Authority in the Church
Katie van Schaijik | Aug 13, 2021
The meditation for morning prayer in today's issue of Magnificat comes from St. Hippolytus, a Roman priest who was martyred in 236 A.D.
It has to do with the duties of Church governance that belong to the offices of priest and bishop and how those duties are all about service: "serving by night and day, ceaselessly propitiating your countenance and offering the gifts of your holy Church."
It was the first lines, though, that particularly struck me: [my emphasis]

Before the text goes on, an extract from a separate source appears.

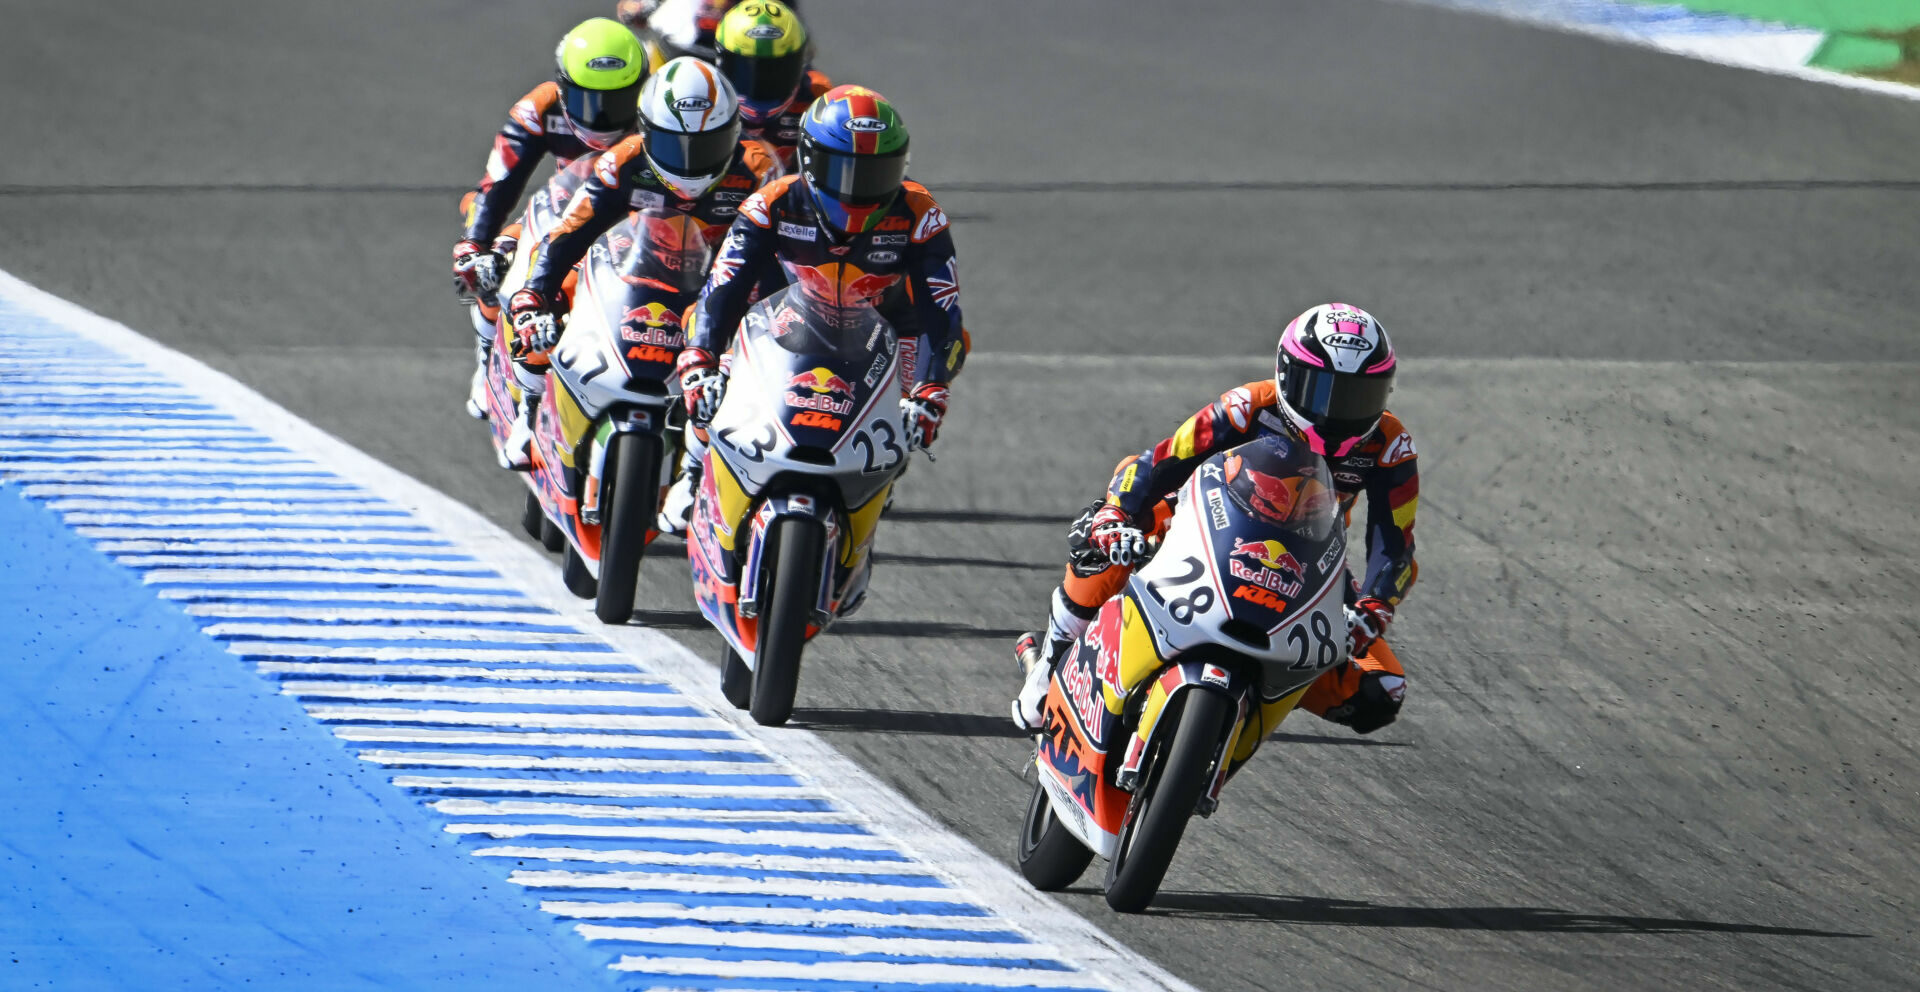 Maximo Quiles (28) leads Rhys Stephenson (23), Daniel Shahril (57), and others Friday at Jerez. Photo courtesy Red Bull.

Let the people come together with the presbyters and any bishops who are present on the Lord's day. When all give their consent, they lay hands on the man to be ordained, and the presbytery stands in silence. And all shall keep silence, praying in their heart for the descent of the Holy Spirit. After this, at the request of all, one of the bishops who is present, laying a hand on him...
Note the essential participation of the laity—the local body of believers—in the decision-making surrounding ordination. Their consent is required when it comes to choosing whom to ordain. Their silence, their prayers, their request are part of the invocation of the Holy Spirit.
Today's conventional Catholic thinking and culture preserves at least nominally the idea that the governance of the hierarchy is about service. But it has lost almost completely the idea that the laity have a decision-making role in the Church.
It is, I claim, that lack above all other deficits in the status quo that is stifling the life of the Church. Without it, the leadership of the hierarchy degrades to the mere bureaucracy of earthly power and control, in place of the life-generating dynamic of reciprocal love.